NeurIPS 2020

Towards Theoretically Understanding Why Sgd Generalizes Better Than Adam in Deep Learning


Review 1

Summary and Contributions: This paper analyzes escaping from local minima of SGD and Adam, using their corresponding Levy-driven stochastic differential equations (SDEs). By defining the “flatness” and “sharpness” or local minima based on a Radon measure, the paper theoretically shows that: (1) both SGD and Adam prefer to find flat local minima, i.e., flat minima usually have larger escaping time than sharp ones, (2) Compared to Adam, SGD tends to easily escape from local basins.

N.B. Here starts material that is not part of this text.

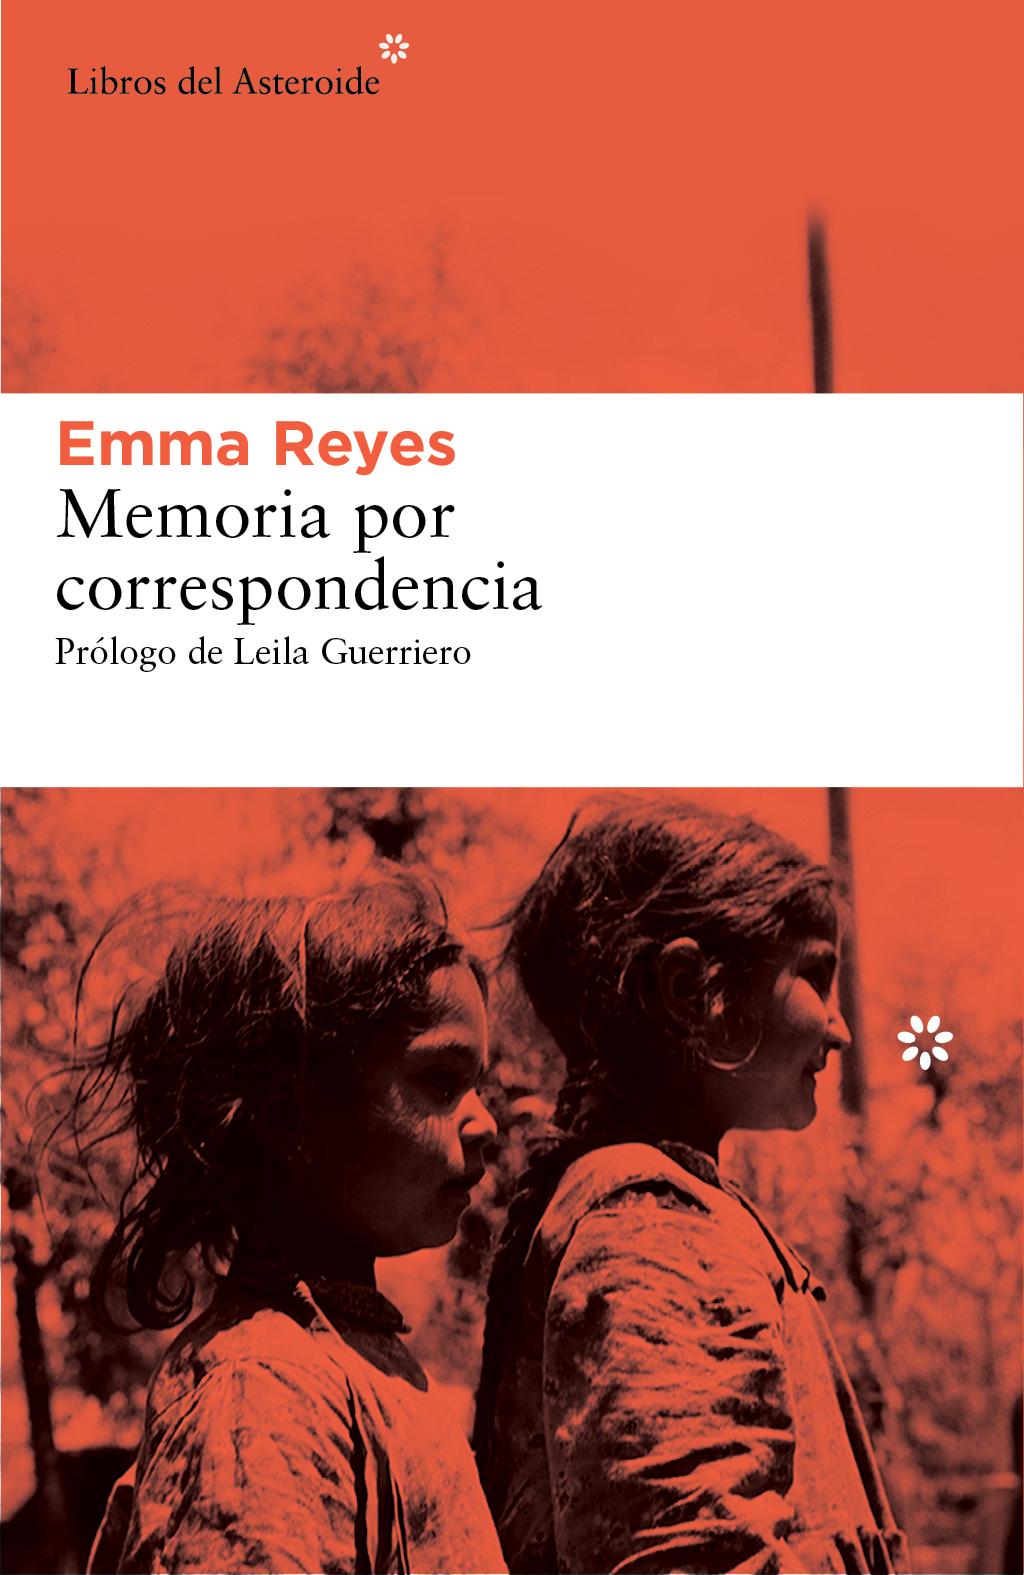 Emma Reyes, un triste testimonio - Libertad Digital - Cultura

Strengths: The theory established in the paper is very solid, and provides a good explanation for the generalization performances of SGD and Adam, and the gap between them. Note that there is always a debate on the connection between generalization performance and flatness of local minima. This proposed definition of flatness based on Radon measure seems can make the debate to an end.

Weaknesses: The experiment mainly verifies the generalization performance gap between SGD and Adam, but does not verify the main theory established in the paper, such as: the relation between Radon measure and the escaping time, the validity of the flatness definition.

Correctness: As far as I checked, I think the claims are correct.

Clarity: The paper is written clearly and easy to read.

Relation to Prior Work: Related works are properly mentioned.

Reproducibility: Yes

Additional Feedback: [After author feedback] The feedback addresses some of my concerns. Hence, I keep my score.


Review 2

Summary and Contributions: This work analyzes the convergence behaviors of SGD and Adam through their Levy-driven stochastic differential equations. The theoretical results show that escaping time from a basin for SGD is smaller than that of Adam. Moreover, comparing to Adam, SGD is more like to finally converge to a flat or asymmetric basin that often have better generalization performance.

Strengths: This work can help us to theoretically better understand why SGD generalizes better than Adam in deep learning.

Weaknesses: 1). Commonly, the optimization algorithm “SGD” in deep learning is SGD with momentum rather than the standard SGD. This work does not discuss SGD with momentum. Compared to the SDE of the standard SGD, the SDE of SGD with momentum is more like that of Adam. Hence, there is a question whether the proposed theory can still interpret that SGD with momentum can generalize better than Adam. 2). One of the contributions is substituting the Gaussian distribution assumption for gradient noise in SGD and Adam with the alpha-stable distribution, but this work does not state how to get the key tail index \alpha. From Figure 1, we can conclude that alpha in practice is usually smaller than 1. This will bring a new problem. According to Theorem 1, the first escaping time \Gamma negatively depends on the learning rate \eta. It means a larger learning rate is beneficial to escaping from a basin. However, in practice it is common that a smaller learning rate is more helpful to escape from a basin. Hence, this theory is somewhat inconsistent with the phenomenon in practice.

Correctness: The theory seems to be inconsistent with the phenomenon in practice.

Clarity: Yes

Relation to Prior Work: Yes

Reproducibility: Yes

Additional Feedback: The responses partly address my concerns, so I raise my score. But the theoretical analysis of SGD-M is still not sufficient, I would like to see more clear justifications for SGD-M in the updated revision.


Review 3

Summary and Contributions: This paper studies the escaping behavior of SGD and Adam through Levy driven SDEs. The theoretical results show that the time for escaping local basic depends on the Radon measure of basin and the heaviness of the gradient noise. This also suggests that Adam has a larger escaping time due to its adaptation. Experiments are also provided to justify their results.

Strengths: The noise assumption considered in this paper is more realistic than gaussian noise assumption made by several previous work. The results suggest a new measurement of “flat” minima, Radon measure of the local basin, which gives another interesting characterization of “flat/sharp” minima.

Weaknesses: The analysis for dynamics of Adam is simplified by Assumption 2. While the intuitive explanation is provided, the results can be strengthened if this can be proved rigorously.

Correctness: The claims and method seem to be reasonable.

Clarity: The paper is well-written and easy to follow.

Relation to Prior Work: The authors discussed related works, and explained several differences between prior works and current paper.

Reproducibility: Yes

Additional Feedback: We know that for over-parameterized neural network, its local minima usually only have an ill-conditioned or even degenerate Hessian. So, I wonder if results would still hold in these situations, such as the non-strongly convex case, i.e., \mu = 0 if Assumption 1. For the right figure of Figure 2(a) and 2(b), I wonder why the loss between two points is decreasing and then increasing. If there is a barrier between these two points, it seems should be first increasing and then decreasing? ============================================================= After rebuttal: Authors feedback addressed my questions.